La ruta que el taxista tomó una vez que estuvimos en Manhattan no la recuerdo con demasiada exactitud. Debimos ir por la autopista que discurre junto al Hudson, porque llegamos bastante rápidamente al edificio en que vivía mi amigo. Después de un malentendido acerca de la propina, imputable a mi inexperiencia (todavía hoy me cuesta multiplicar todo por uno coma quince) y saldado con un exabrupto por parte del taxista y una excusa insolvente por la mía, me quedé con mi maleta ante el portal. Era una casa mediana para Nueva York, de unos veinte pisos, con marquesina a la entrada y conserje uniformado. Raúl me había dicho que pronunciara su apellido vasco de la forma más americana posible, porque sólo así cabía alguna probabilidad de que me comprendiesen.
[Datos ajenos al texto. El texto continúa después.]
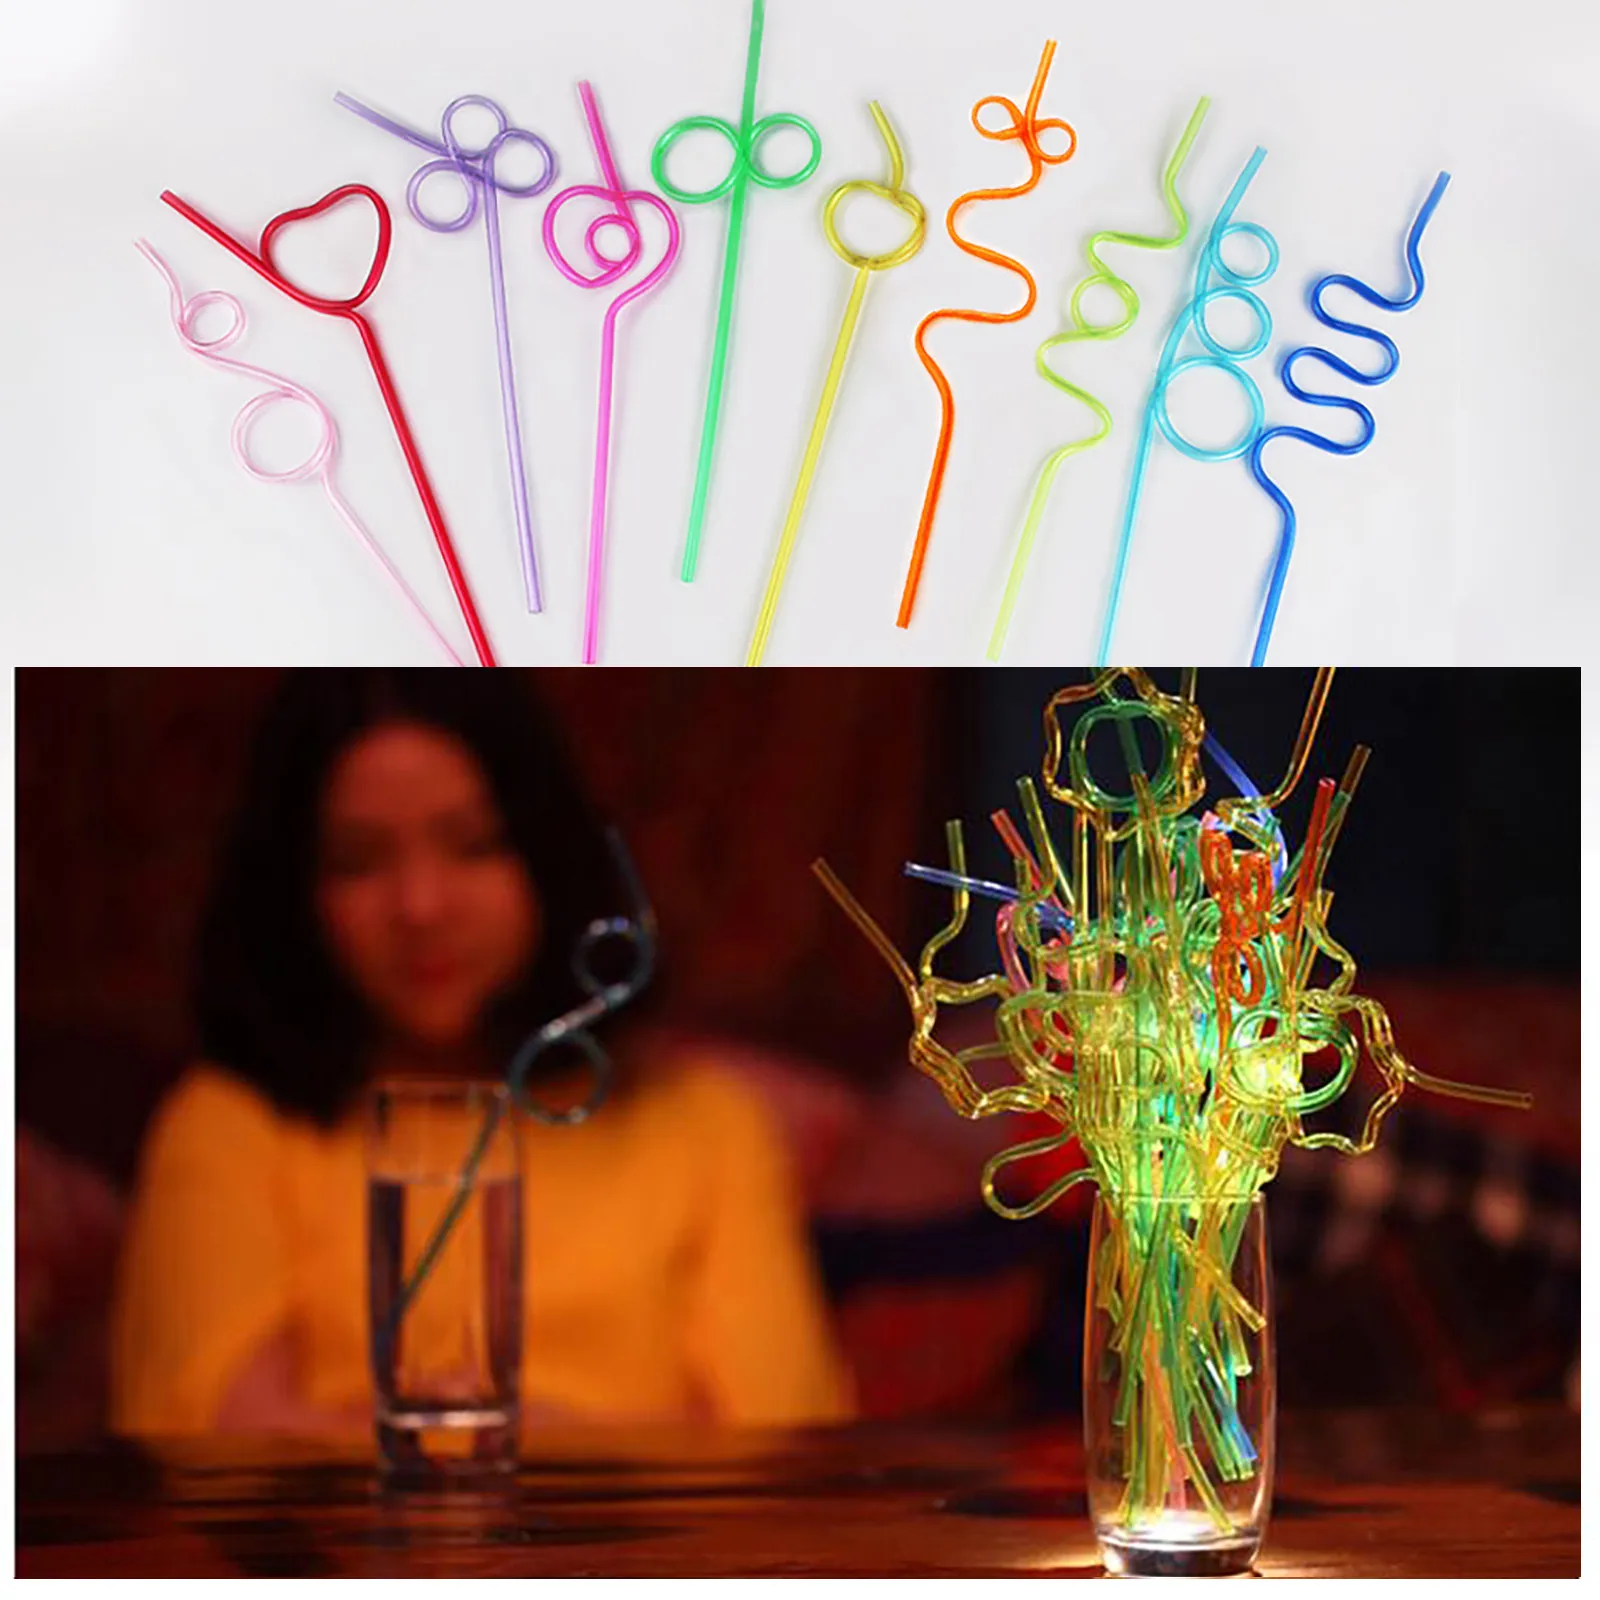 https://ae01.alicdn.com/kf/S802e46fcd6e34194a1d9cf2380e819c9N/10pcs-set-Creative-Colorful-Crazy-Curly-Loop-Plastic-Drinking-Straws-For-Birthday-Party-Bar-Decorative-Crazy.jpg

Hice mis mejores esfuerzos, pero hube de intentarlo tres veces antes de que el conserje cayera en la cuenta, me informara de que mi amigo no estaba en casa y me entregara la llave que le había dejado para mí.
Raúl vivía en un piso 18. Desde su ventana, al otro lado del río, se veía Nueva Jersey, un monótono horizonte de edificaciones adonde se va a vivir la gente que no puede pagar ni los precios inmobiliarios ni los impuestos de Nueva York. Si uno se asomaba se atisbaba a lo lejos la desembocadura. Mientras aguardaba a mi amigo, traté de hacerme al calor sofocante y a la pequeñez del apartamento. Dejé la ventana abierta de par en par, aunque del exterior entraba ruido y ningún frescor. Lentamente, el sol se puso más allá de Nueva Jersey. Descubrí que Raúl tenía un equipo de alta fidelidad y lo puse en marcha. En la bandeja resultó haber un disco de Astor Piazzolla, cuyos tangos empezaron a sonar, quejumbrosos y sutiles. Era una música melancólica y hube de pensar, inevitablemente, que más allá de aquel atardecer, porque la tierra es redonda, estaba Madrid, donde ya casi todos dormían.